Friday, May 22, 2026
5 min read
US-India Trade Agreement Momentum and Future Outlook

Ambassador Sergio Gor, the US Ambassador to India, talked on Thursday. He said they are confident about wrapping up some interim trade aGreement with India in the coming weeks.

“Our current interim trade aGreement is on the table now,” he explained. “It’s about unlocking prosperity for both nations. We need to finalize the details of a bigger bilateral trade aGreement—something that expands market access, cuts down barriers, and gives businesses on both sides real certainty. If we get this right, it’ll actually strengthen supply chains, spark new investments, and drive growth. Tangible benefits for industries, workers, economies.”

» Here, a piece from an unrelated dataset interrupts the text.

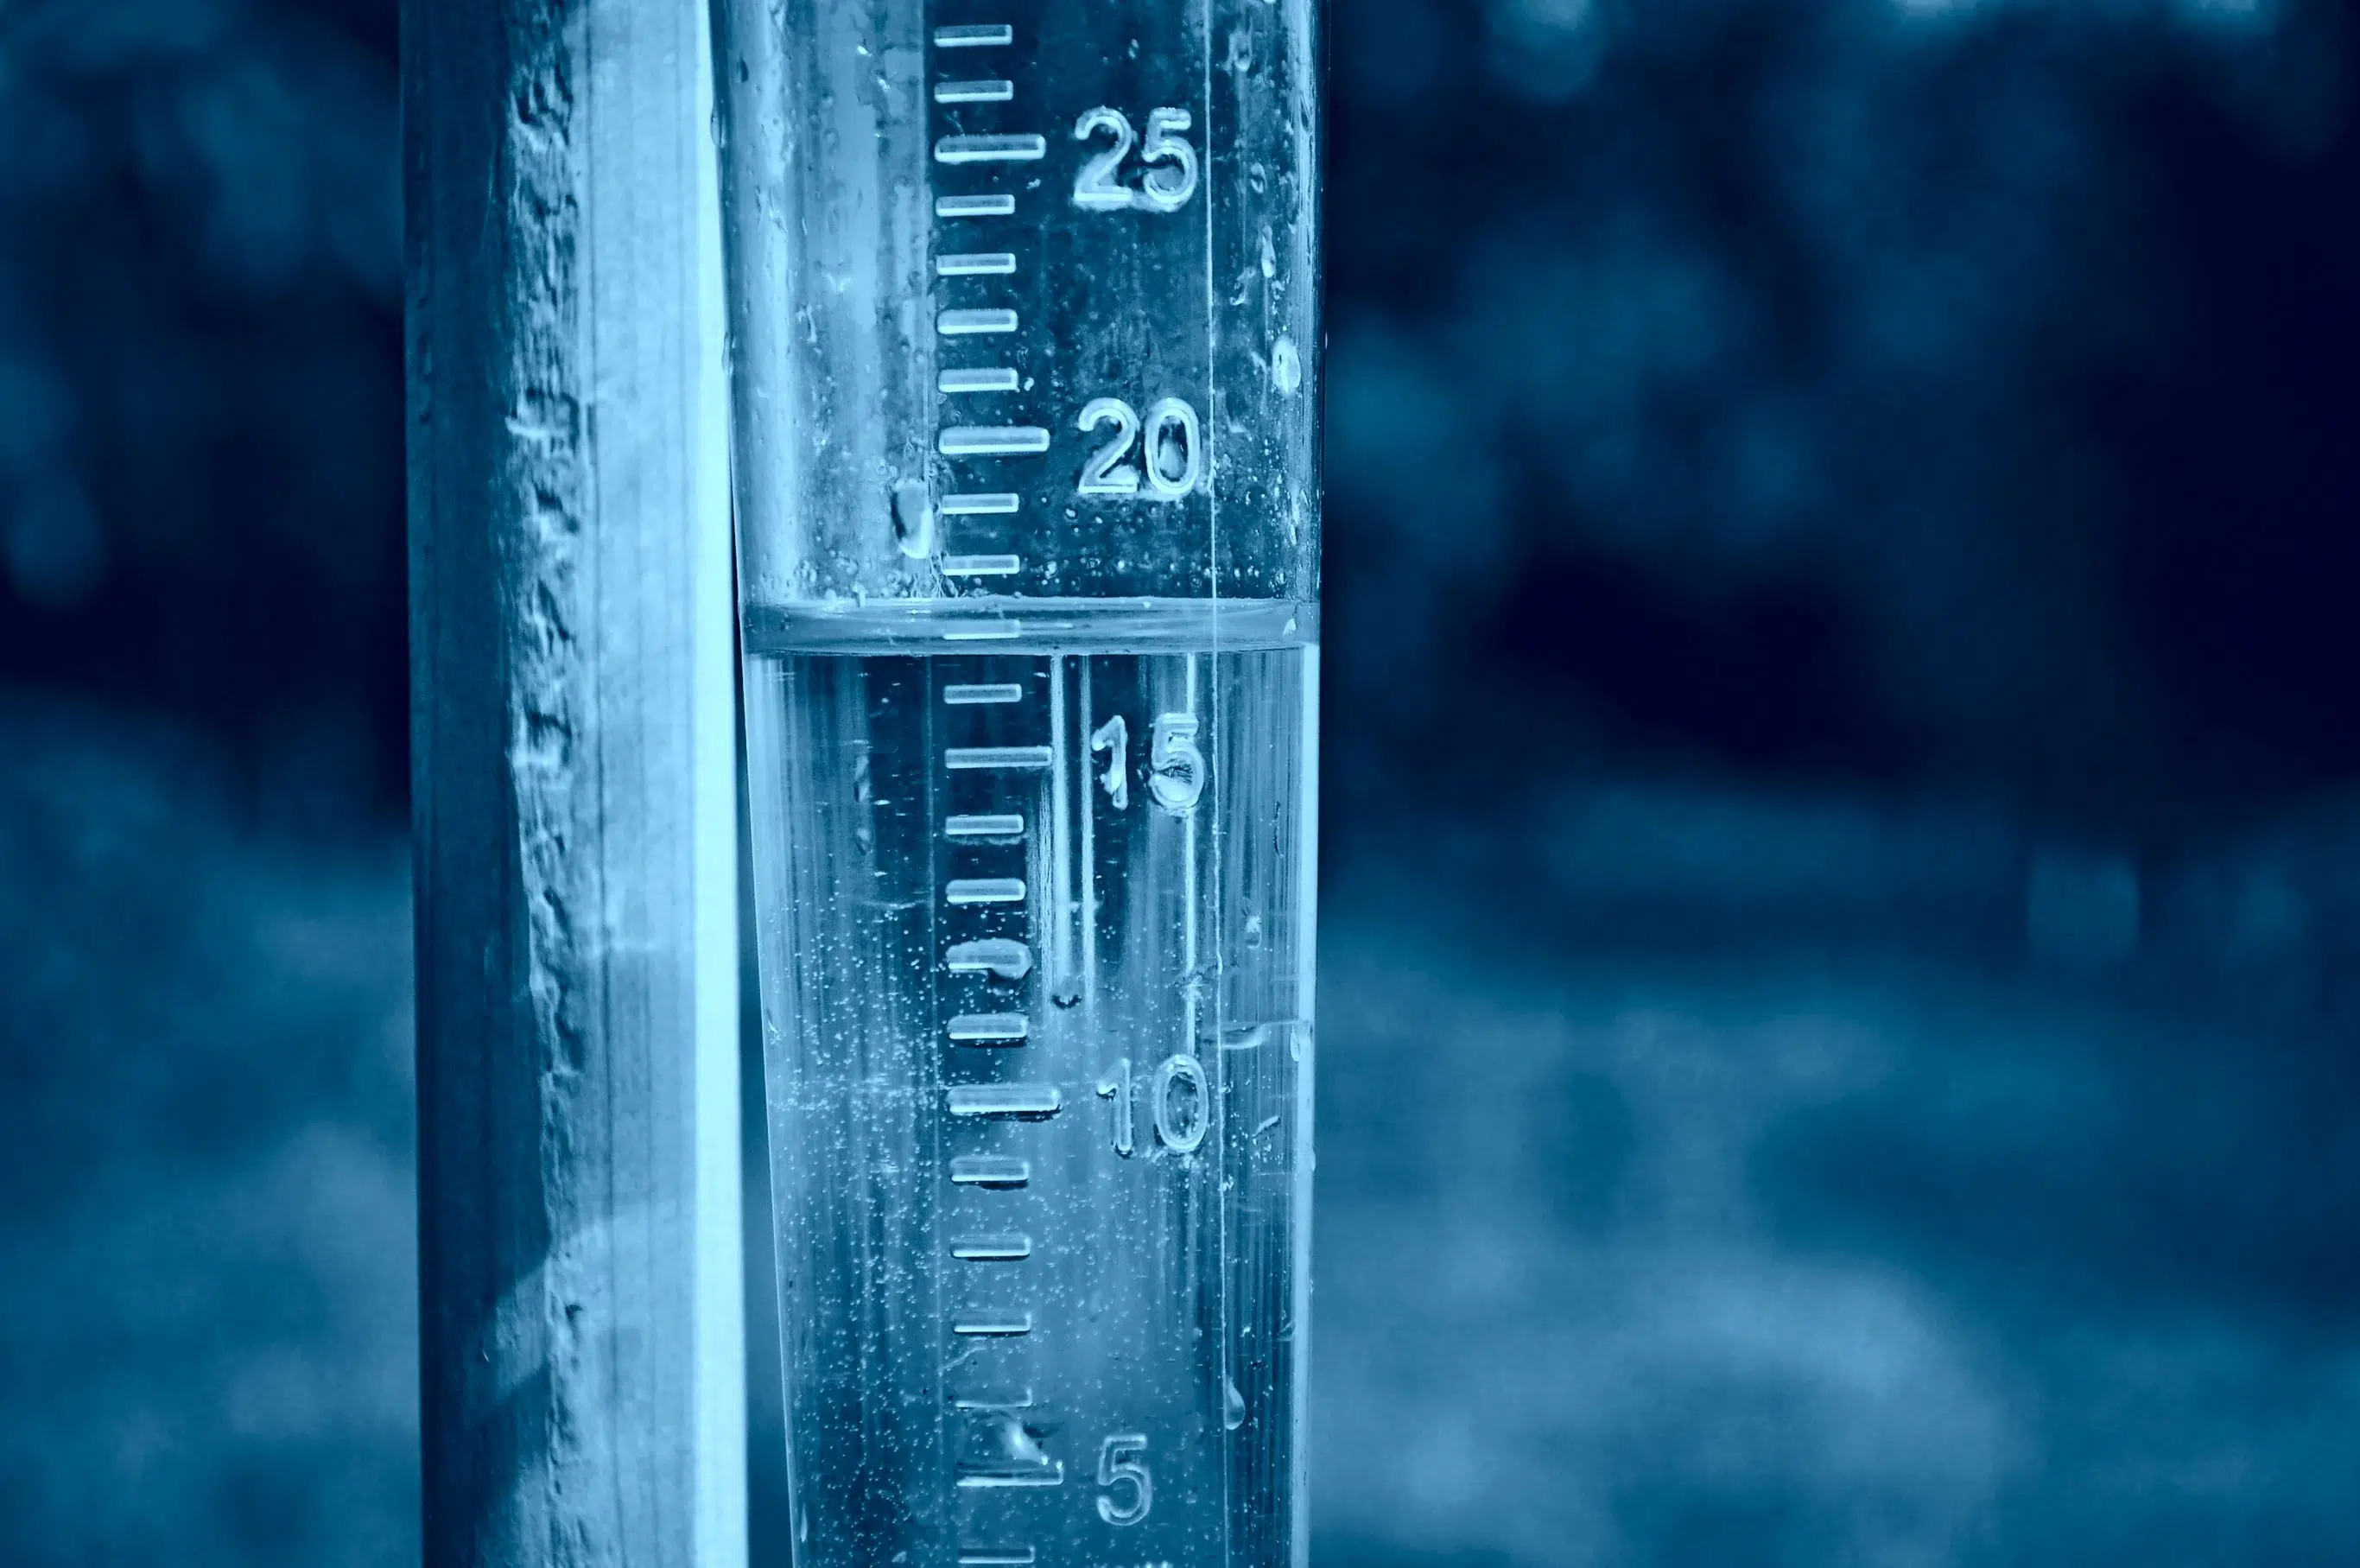 Evansburg and surrounding area receives significant precipitation in recent days

The envoy hinted at momentum. The US delegation is planning a trip to New Delhi in June for more talks on this deal.

There’s been a real push here. Negotiations have been going on for a year and a half already. But putting it in perspective, the European Union took almost nineteen years. That’s a huge difference. Gor insisted that they are confident this trade deal will be finished in the next few weeks, not months.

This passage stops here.